R. S. 1964, c. 292, s. 16; 1970, c. 58, s. 8.
DIVISION VI
MEMBERS
22. The members of an association shall be its founders and any other person capable of contracting who,
(a)  signs an application for membership in accordance with form 2;
(b)  subscribes and pays for the minimum number of common shares according to the by-laws;
(c)  undertakes to comply with the by-laws; and
(d)  is admitted by the board of directors.
R. S. 1964, c. 292, s. 17.
23. Corporations and societies may also be members of an association.
R. S. 1964, c. 292, s. 18.
24. Minors at least sixteen years of age may become members of an association, subscribe for shares, make loans to an association and, in both cases, withdraw the benefits and the principal thereof.
1970, c. 58, s. 9.
25. A married woman common as to property may withdraw the benefits and the principal of shares for which she subscribes in an association or of loans which she makes to an association.

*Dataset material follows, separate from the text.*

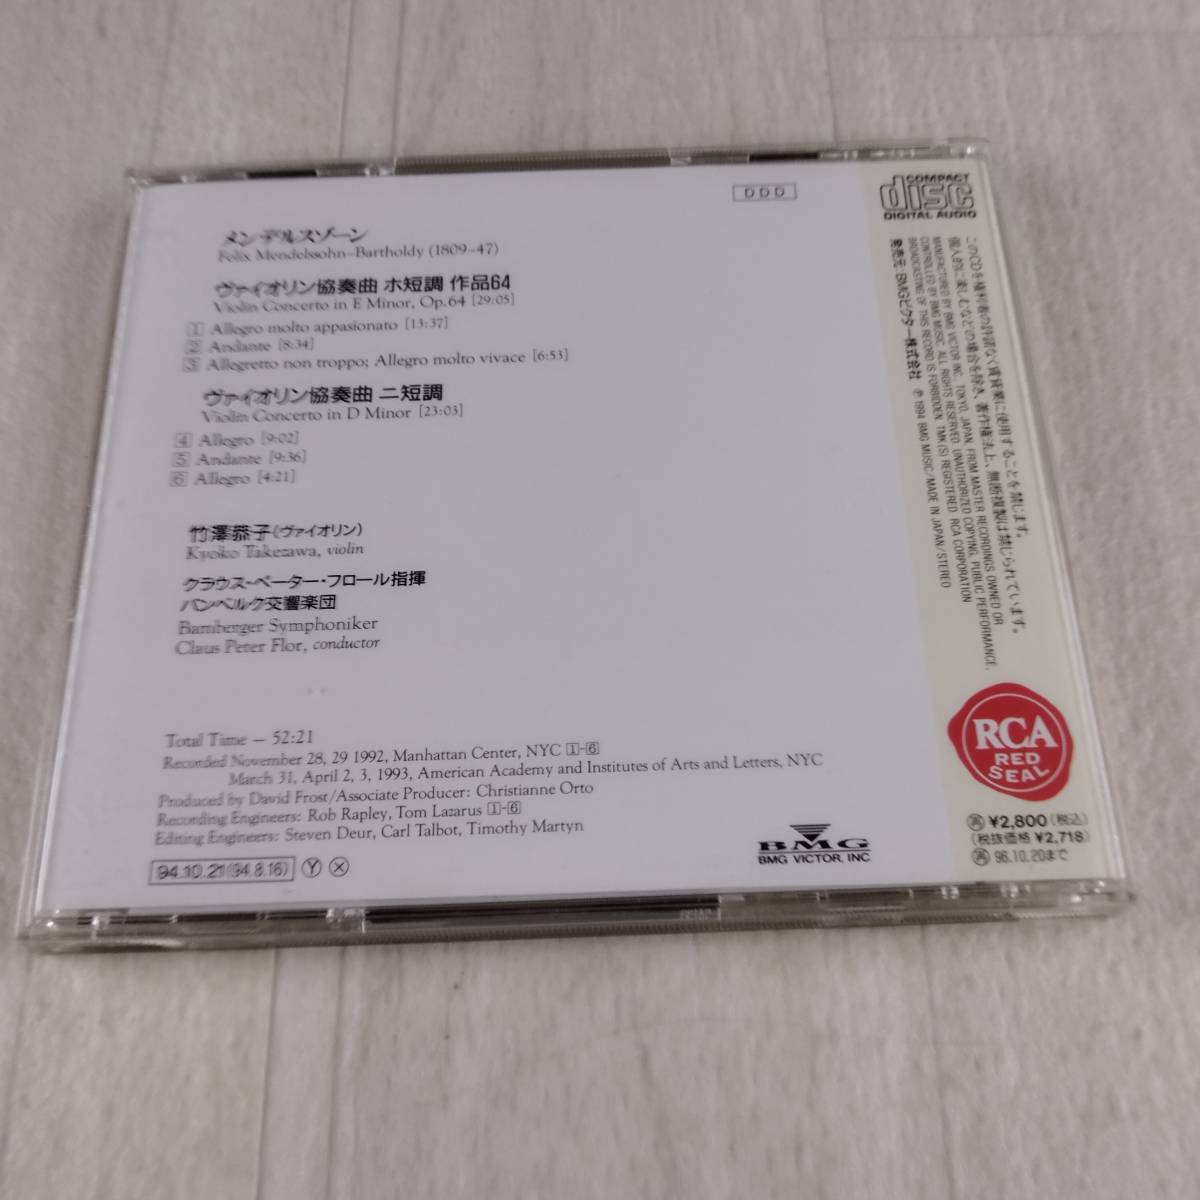 1MC1 CD 竹澤恭子 クラウス・ペーター・フロール バンベルク交響楽団 メンデルスゾーン ヴァイオリン_画像2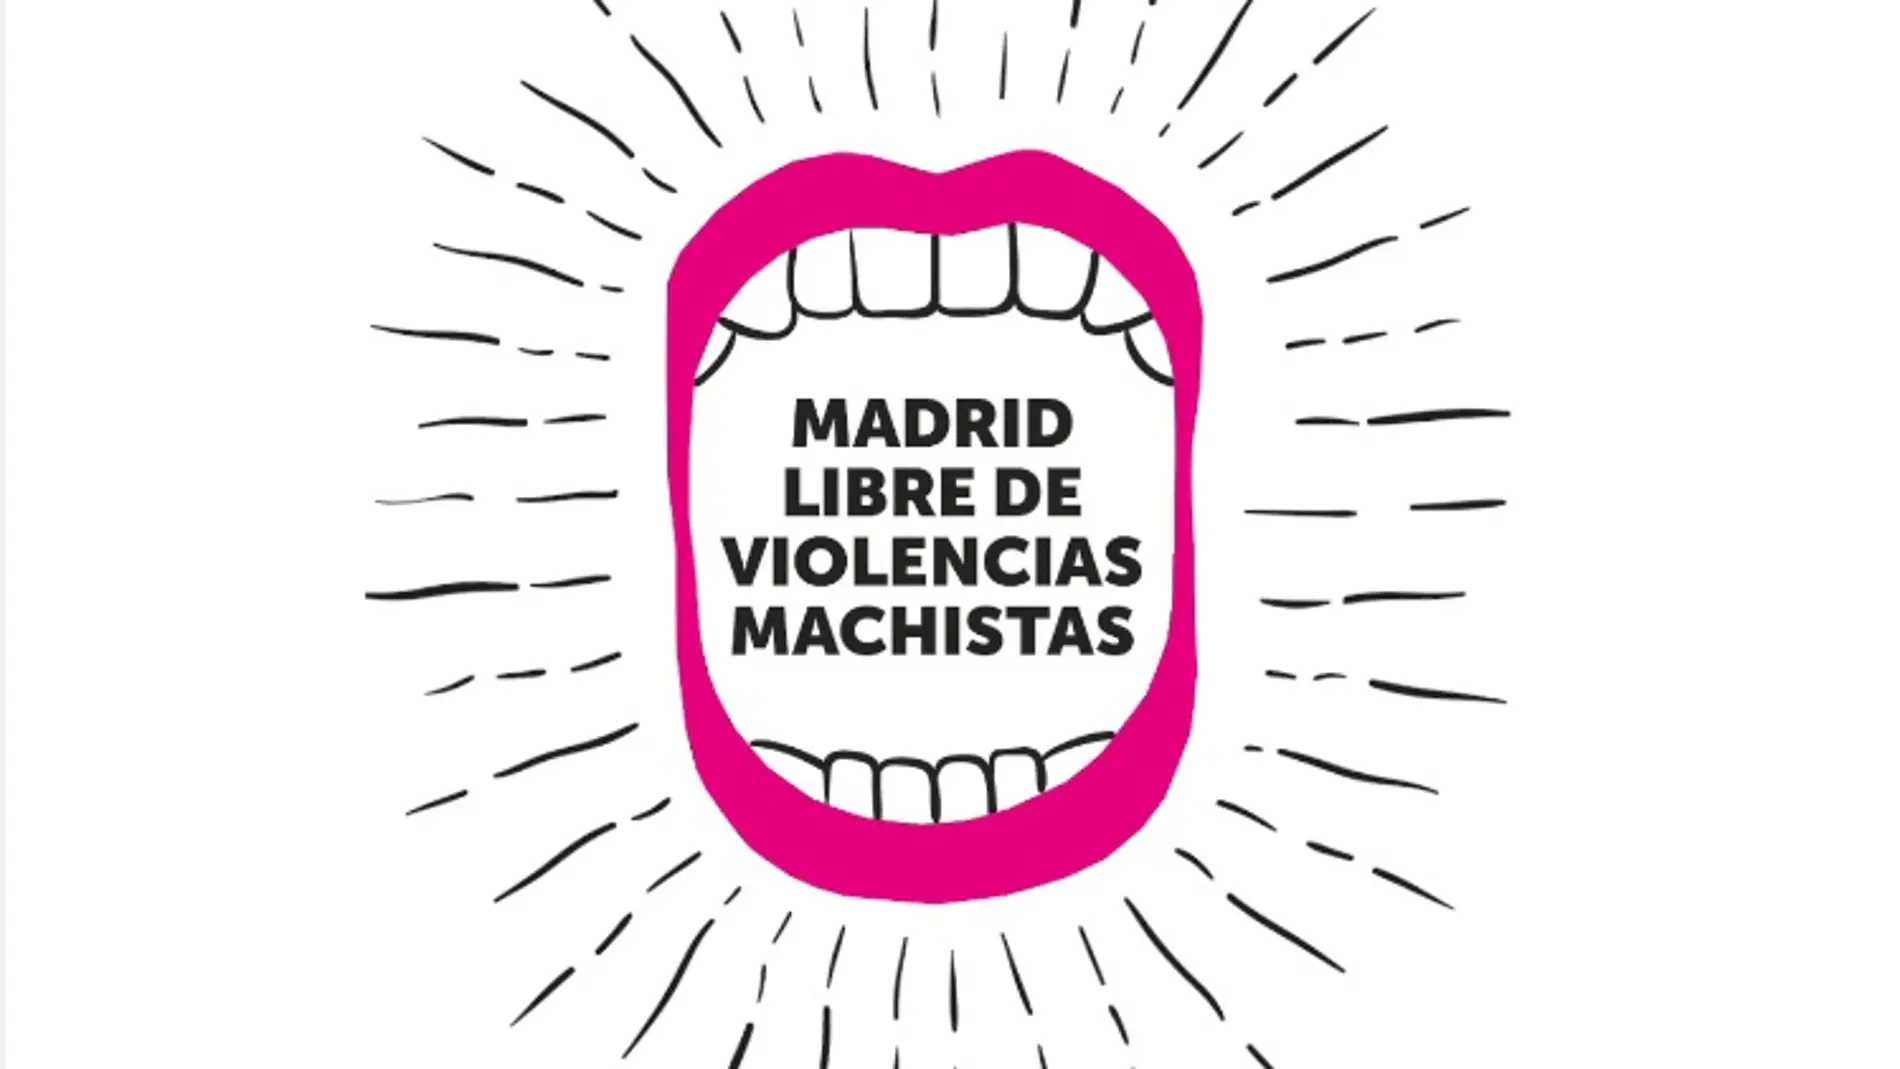 Madrid libre de violencias machistas

Pecuniary condemnations obtained against any such woman by reason of her holding an office in an association before the 1st of July 1970 with the express or implied authorization of her husband may be recovered out of the community property.
R. S. 1964, c. 292, s. 19; 1970, c. 58, s. 10.
26. The by-laws shall define the territory in which the association may recruit its members.
R. S. 1964, c. 292, s. 20.
27. The by-laws may establish a class of auxiliary members and determine the conditions of their admission and their rights and obligations.
Such members cannot vote and shall not be eligible for any office.
R. S. 1964, c. 292, s. 21.
28. If the by-laws so require, the members must undertake by contract, for a fixed period, to deliver, sell, purchase or receive property or services through the agency of the association.
R. S. 1964, c. 292, s. 22.
29. A member may resign by giving sixty days’ notice in writing, unless a longer delay is provided in the by-laws.
The board of directors may accept such resignation before the expiration of the delay unless the member has made such delay a condition of his resignation.
R. S. 1964, c. 292, s. 23.
30. When the by-laws require the contract provided for in section 28, a member cannot resign during the term of his contract, except with the consent of the board of directors.
If such contract provides for a notice that the member does not intend to renew it any longer, such notice is equivalent to a resignation effective at the expiration of the contract.
R. S. 1964, c. 292, s. 24.
31. The board of directors, after informing a member in writing of the reasons advanced for his suspension or expulsion and affording him an opportunity to be heard, may suspend or expel him for any of the following reasons:
(a)  if he has not made the payments due on his shares;
(b)  if he has not carried out his engagements with the association;
(c)  if he has been convicted of an indictable offence, made an abandonment of his property, offered a composition, been declared bankrupt or been interdicted;
(d)  if he neglects to do business with the association, or injures or attempts to injure it; or
(e)  if he carries on any activity in competition with that of the association.
The minutes of the sitting of the board of directors at which a member is suspended or expelled shall set forth the facts giving rise to such decision. Notice of the suspension or expulsion shall be sent to him by registered or certified letter within six days after the decision.
R. S. 1964, c. 292, s. 25; 1975, c. 83, s. 84.
32. A member suspended or expelled shall forfeit the right to receive notice of meetings of the association and to attend and vote thereat, as well as the right to hold any office.
The loss of such rights shall take effect from the passing of the resolution of the board of directors.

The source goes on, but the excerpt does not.